[Stored records]
-----
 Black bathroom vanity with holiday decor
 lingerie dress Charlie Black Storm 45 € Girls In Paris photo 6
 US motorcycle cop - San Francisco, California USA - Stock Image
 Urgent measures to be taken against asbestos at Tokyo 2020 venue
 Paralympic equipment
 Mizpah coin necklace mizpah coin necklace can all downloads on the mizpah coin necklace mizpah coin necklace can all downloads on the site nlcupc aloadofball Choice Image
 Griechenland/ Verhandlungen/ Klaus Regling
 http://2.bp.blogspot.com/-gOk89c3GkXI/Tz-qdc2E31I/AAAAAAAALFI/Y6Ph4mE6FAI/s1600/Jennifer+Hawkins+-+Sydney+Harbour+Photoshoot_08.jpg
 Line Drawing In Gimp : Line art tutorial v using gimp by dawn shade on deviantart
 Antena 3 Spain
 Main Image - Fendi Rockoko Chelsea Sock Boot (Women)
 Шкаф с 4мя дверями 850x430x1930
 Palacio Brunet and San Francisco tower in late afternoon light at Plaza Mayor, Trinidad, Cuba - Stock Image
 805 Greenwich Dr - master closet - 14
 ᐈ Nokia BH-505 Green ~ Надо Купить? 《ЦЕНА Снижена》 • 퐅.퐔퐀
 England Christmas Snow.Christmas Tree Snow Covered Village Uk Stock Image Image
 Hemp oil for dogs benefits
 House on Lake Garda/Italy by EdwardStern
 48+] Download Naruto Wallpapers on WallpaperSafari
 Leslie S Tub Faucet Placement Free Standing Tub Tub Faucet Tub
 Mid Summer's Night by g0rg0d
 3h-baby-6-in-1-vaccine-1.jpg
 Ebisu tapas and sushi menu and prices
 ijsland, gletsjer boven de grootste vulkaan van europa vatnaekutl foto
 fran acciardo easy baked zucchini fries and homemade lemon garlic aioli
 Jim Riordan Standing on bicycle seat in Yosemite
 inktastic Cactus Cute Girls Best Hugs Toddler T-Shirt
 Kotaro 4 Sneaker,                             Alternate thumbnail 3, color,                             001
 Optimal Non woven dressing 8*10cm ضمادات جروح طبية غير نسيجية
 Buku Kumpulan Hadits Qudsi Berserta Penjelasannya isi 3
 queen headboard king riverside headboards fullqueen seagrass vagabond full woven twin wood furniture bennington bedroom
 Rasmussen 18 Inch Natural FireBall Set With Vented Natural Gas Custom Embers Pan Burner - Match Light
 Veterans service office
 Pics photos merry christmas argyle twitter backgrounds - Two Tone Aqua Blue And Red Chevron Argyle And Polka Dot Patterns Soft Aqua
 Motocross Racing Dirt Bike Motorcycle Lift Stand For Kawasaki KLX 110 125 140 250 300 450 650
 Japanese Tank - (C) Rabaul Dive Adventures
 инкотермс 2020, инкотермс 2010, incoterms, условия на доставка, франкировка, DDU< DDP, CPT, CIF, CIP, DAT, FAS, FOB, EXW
-----
* **ABOUT THIS EXERCISE**
Each line of the data must be set down again as it is.

* **WRITTEN ANSWER**
 Black bathroom vanity with holiday decor
 lingerie dress Charlie Black Storm 45 € Girls In Paris photo 6
 US motorcycle cop - San Francisco, California USA - Stock Image
 Urgent measures to be taken against asbestos at Tokyo 2020 venue
 Paralympic equipment
 Mizpah coin necklace mizpah coin necklace can all downloads on the mizpah coin necklace mizpah coin necklace can all downloads on the site nlcupc aloadofball Choice Image
 Griechenland/ Verhandlungen/ Klaus Regling
 http://2.bp.blogspot.com/-gOk89c3GkXI/Tz-qdc2E31I/AAAAAAAALFI/Y6Ph4mE6FAI/s1600/Jennifer+Hawkins+-+Sydney+Harbour+Photoshoot_08.jpg
 Line Drawing In Gimp : Line art tutorial v using gimp by dawn shade on deviantart
 Antena 3 Spain
 Main Image - Fendi Rockoko Chelsea Sock Boot (Women)
 Шкаф с 4мя дверями 850x430x1930
 Palacio Brunet and San Francisco tower in late afternoon light at Plaza Mayor, Trinidad, Cuba - Stock Image
 805 Greenwich Dr - master closet - 14
 ᐈ Nokia BH-505 Green ~ Надо Купить? 《ЦЕНА Снижена》 • 퐅.퐔퐀
 England Christmas Snow.Christmas Tree Snow Covered Village Uk Stock Image Image
 Hemp oil for dogs benefits
 House on Lake Garda/Italy by EdwardStern
 48+] Download Naruto Wallpapers on WallpaperSafari
 Leslie S Tub Faucet Placement Free Standing Tub Tub Faucet Tub
 Mid Summer's Night by g0rg0d
 3h-baby-6-in-1-vaccine-1.jpg
 Ebisu tapas and sushi menu and prices
 ijsland, gletsjer boven de grootste vulkaan van europa vatnaekutl foto
 fran acciardo easy baked zucchini fries and homemade lemon garlic aioli
 Jim Riordan Standing on bicycle seat in Yosemite
 inktastic Cactus Cute Girls Best Hugs Toddler T-Shirt
 Kotaro 4 Sneaker,                             Alternate thumbnail 3, color,                             001
 Optimal Non woven dressing 8*10cm ضمادات جروح طبية غير نسيجية
 Buku Kumpulan Hadits Qudsi Berserta Penjelasannya isi 3
 queen headboard king riverside headboards fullqueen seagrass vagabond full woven twin wood furniture bennington bedroom
 Rasmussen 18 Inch Natural FireBall Set With Vented Natural Gas Custom Embers Pan Burner - Match Light
 Veterans service office
 Pics photos merry christmas argyle twitter backgrounds - Two Tone Aqua Blue And Red Chevron Argyle And Polka Dot Patterns Soft Aqua
 Motocross Racing Dirt Bike Motorcycle Lift Stand For Kawasaki KLX 110 125 140 250 300 450 650
 Japanese Tank - (C) Rabaul Dive Adventures
 инкотермс 2020, инкотермс 2010, incoterms, условия на доставка, франкировка, DDU< DDP, CPT, CIF, CIP, DAT, FAS, FOB, EXW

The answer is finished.